Ning Zhao, Wei Li, Shuang Bai, Wenlei Guo, Guohui Yuan, Fan Wang, Weitang Liu, Jinxin Wang

Abstract

Non-target-site resistance (NTSR) to herbicides is a worldwide concern for weed control. However, as the dominant NTSR mechanism in weeds, metabolic resistance is not yet well-characterized at the genetic level. For this study, we have identified a shortawn foxtail (Alopecurus aequalis Sobol.) population displaying both TSR and NTSR to mesosulfuron-methyl and fenoxaprop-P-ethyl, yet the molecular basis for this NTSR remains unclear. To investigate the mechanisms of metabolic resistance, an RNA-Seq transcriptome analysis was used to find candidate genes that may confer metabolic resistance to the herbicide mesosulfuron-methyl in this plant population. The RNA-Seq libraries generated 831,846,736 clean reads. The de novo transcriptome assembly yielded 95,479 unigenes (averaging 944 bp in length) that were assigned putative annotations. Among these, a total of 29,889 unigenes were assigned to 67 GO terms that contained three main categories, and 14,246 unigenes assigned to 32 predicted KEGG metabolic pathways.

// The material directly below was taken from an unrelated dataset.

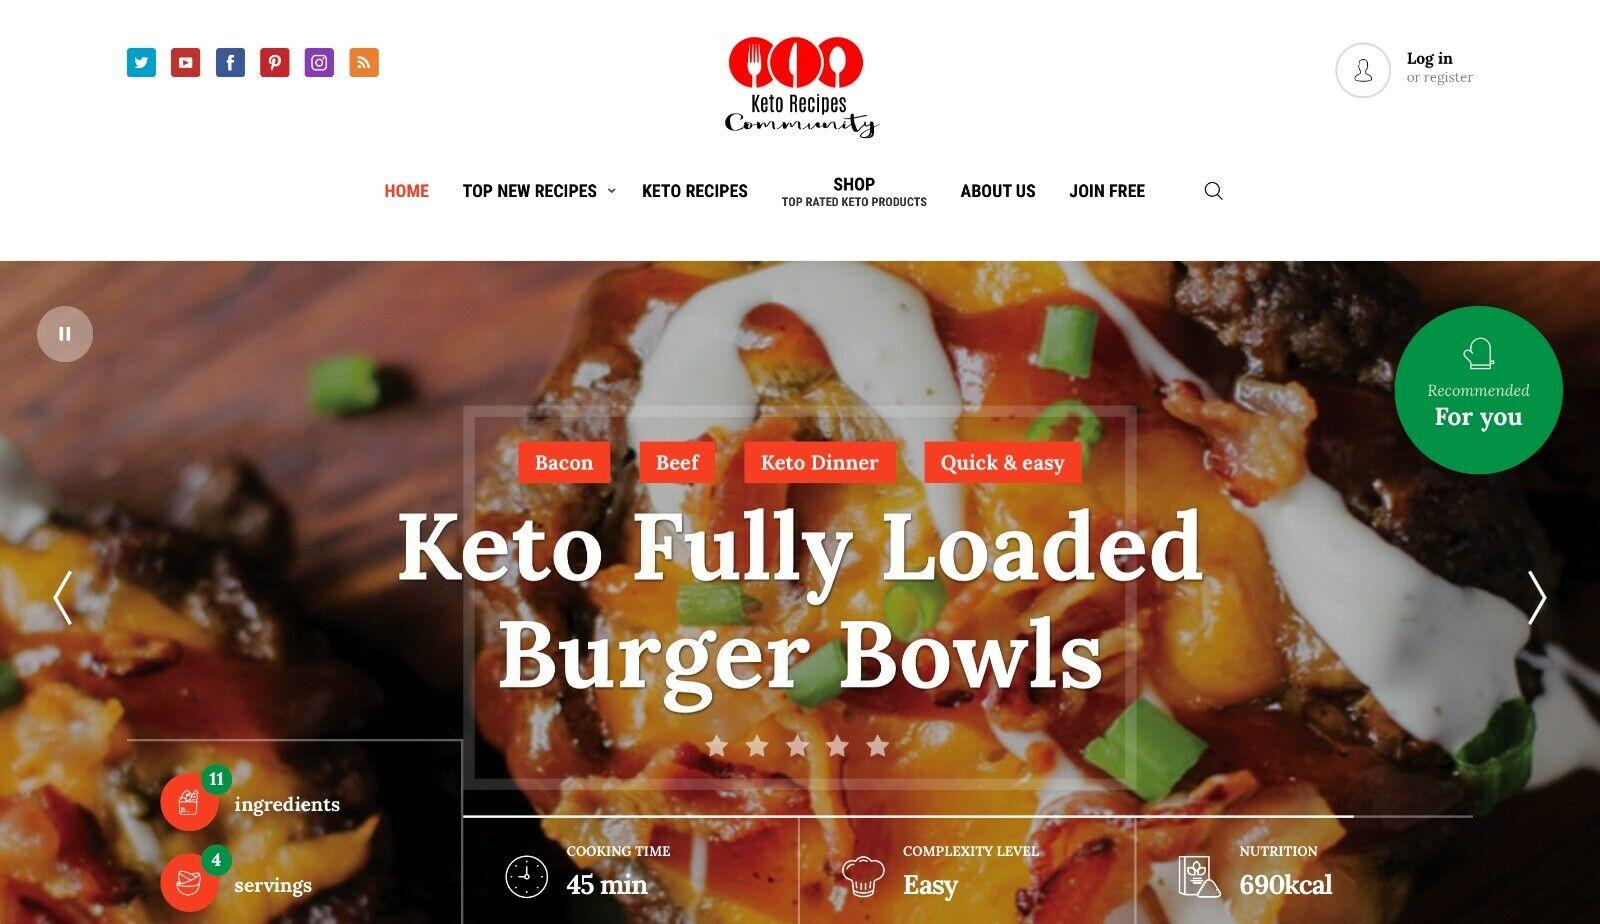 Keto Diet Recipe Community - Gorgeous Design - Unique Affiliate Turnkey Business

Global gene expression was measured using the reads generated from the untreated control (CK), water-only control (WCK), and mesosulfuron-methyl treatment (T) of R and susceptible (S). Contigs that showed expression differences between mesosulfuron-methyl-treated R and S biotypes, and between mesosulfuron-methyl-treated, water-treated and untreated R plants were selected for further quantitative real-time PCR (qRT-PCR) validation analyses. Seventeen contigs were consistently highly expressed in the resistant A. aequalis plants, including four cytochrome P450 monooxygenase (CytP450) genes, two glutathione S-transferase (GST) genes, two glucosyltransferase (GT) genes, two ATP-binding cassette (ABC) transporter genes, and seven additional contigs with functional annotations related to oxidation, hydrolysis, and plant stress physiology. These 17 contigs could serve as major candidate genes for contributing to metabolic mesosulfuron-methyl resistance; hence they deserve further functional study. This is the first large-scale transcriptome-sequencing study to identify NTSR genes in A. aequalis that uses the Illumina platform. This work demonstrates that NTSR is likely driven by the differences in the expression patterns of a set of genes. The assembled transcriptome data presented here provide a valuable resource for A. aequalis biology, and should facilitate the study of herbicide resistance at the molecular level in this and other weed species.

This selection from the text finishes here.